Reading the numbers like an engineer

  • 2.5× at batch 1 — the launch-bound regime. An OPT-125m decode step is sub- millisecond of GPU work behind a few hundred kernel launches; remove the launches (lab-01's WIN) and the step nearly collapses to its GPU time. This is the headline — and it's workload-specific: agentic, single-stream, small-model serving lives here.
  • The fade, 2.5× → 1.6× → 1.13× — Amdahl in motion. Bigger batches mean more GPU work per (unchanged) launch bill; the removable fraction shrinks.
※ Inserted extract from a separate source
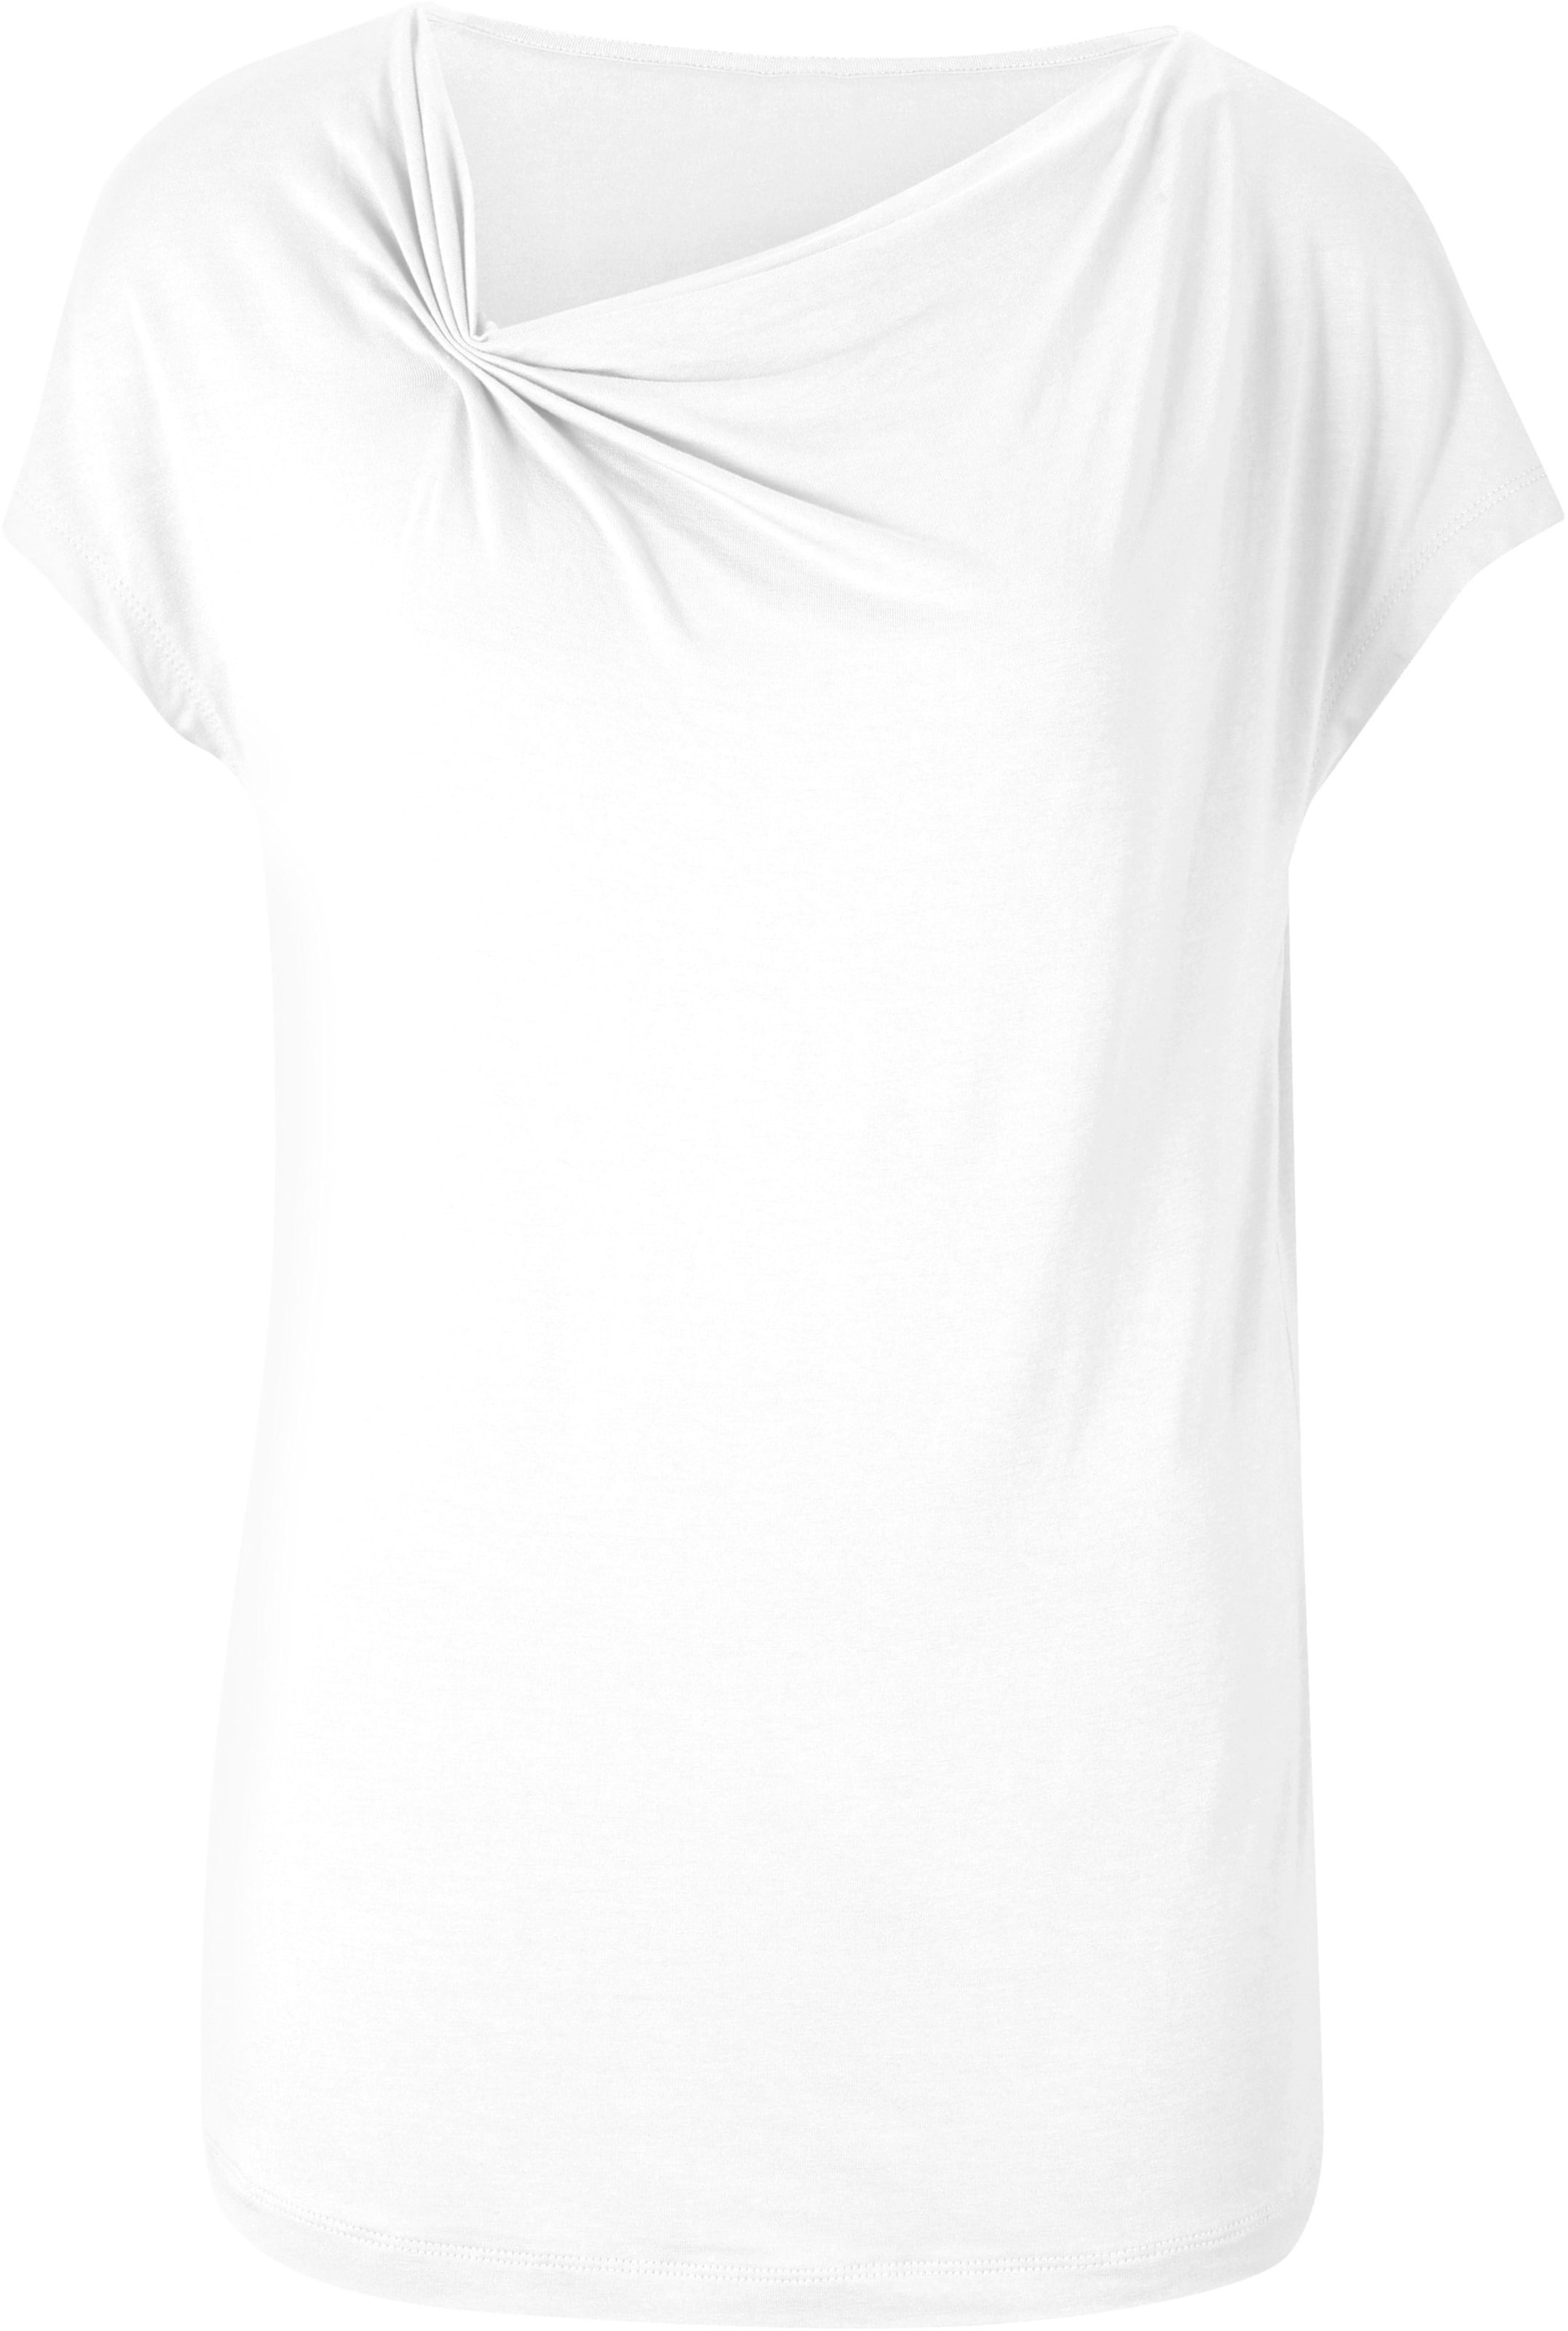 sung günstig Kaufen-Shirt in weiß von heine. Shirt in weiß von heine <![CDATA[Shirt Mit raffinierter asymmetrischer Ausschnittlösung und in weich fließender Qualität. Figurumspielend, mit Kurzarm.]]>.

Note what doesn't happen: the ratio never dips below 1. Graphs don't have a regime where they hurt steady-state throughput — the cost lives entirely at startup. That asymmetry is why they're default-on rather than a tuning option.
  • 23/23 twice — the capture-size ladder (lab-05: count default_capture_sizes(512)) run once per routine of FULL_AND_PIECEWISE (lab-03's table, bottom row, live). If you ever need a one-glance config check on a running deployment, this pair of progress bars is it.
  • 7 secs, 0.41 GiB — lab-02's capture_cost, in physical units: 46 captures' worth of warmup+record, and the shared graph memory pool. Amortized over millions of steps; but on a CI box that boots vLLM per test, 7 seconds × every test is real money — which is why enforce_eager=True is the standard test-suite setting upstream while being wrong for production. Same knob, opposite verdicts, both derivable from lab-02.

Hitchhiker's notes

  • Extrapolating to big models: a 70B's decode step is tens of ms of GPU work — the launch bill is a far smaller fraction, so expect graph gains in single-digit percents at moderate batch, not 2.5×. Graphs matter most for small models, small batches, long generations — which, conveniently, describes draft models in speculative decoding (Phase 8), where graphs are practically mandatory.
  • enforce_eager=True disables compilation too, so this A/B bundles two effects (fused kernels + graphs). For the isolated graph effect, compare cudagraph_mode=NONE with compilation on vs the default. The bundle is what operators actually toggle, hence the lab measures the bundle — but know what's in the box before attributing the delta.
  • Variance discipline: tok/s from a single generate call includes engine startup effects, first-iteration warmup, and timer jitter. The captured numbers are representative, not sacred — your L4 will differ by a few percent, your 4090 by more. What must reproduce is the shape: big ratio at 1, monotone fade, no inversion. If your shape differs, that's interesting; investigate (background processes, thermal throttling, a different default mode).
  • When is enforce_eager right in production? Debugging (eager stack traces point at real lines; graph replays don't), extreme memory pressure (reclaim the graph pool's GiB), or genuinely chaotic shapes beyond the ladder. Rare — but "what's the escape hatch and what does it cost" is exactly the question this lab leaves you able to answer with numbers.

Reflect

  • Predict before measuring: on your hardware, will batch-8 land closer to the batch-1 or batch-64 ratio? Which parameter of lab-02's model are you implicitly estimating? (The GPU-work-per-step share — i.e. where batch 8 sits relative to the roofline ridge from Phase 0 lab-04.)
  • The capture log shows 0.41 GiB for 46 graphs of a 125m model. Sketch why a 70B model with tensor parallelism captures in a similar order of memory (graphs store launch topology + workspace, not weights) — and why people are still surprised by the pool's size on memory-tight deployments.
  • Your service restarts pods on every deploy, 50× a day. Quantify the capture tax and name two mitigations. (7 s × 50 = ~6 min/day of cold capacity; mitigate via fewer capture sizes — lab-05's ladder — or vLLM's compilation cache for the compile half; the capture half re-runs regardless.)

References

  • Labs 01–02 — the mechanism and the formulas these numbers validate.
  • Lab-03 — why the capture log has exactly two passes; lab-05 — why each pass has 23.
  • upstream/vllm/v1/worker/gpu_model_runner.py — the capture loop emitting those progress bars.
  • vLLM docs, Optimization and Tuningenforce_eager, cudagraph_mode, compilation knobs: https://docs.vllm.ai/en/latest/configuration/optimization.html
  • Phase 18 — the benchmarking discipline this lab previews (variance, baselines, sweeps).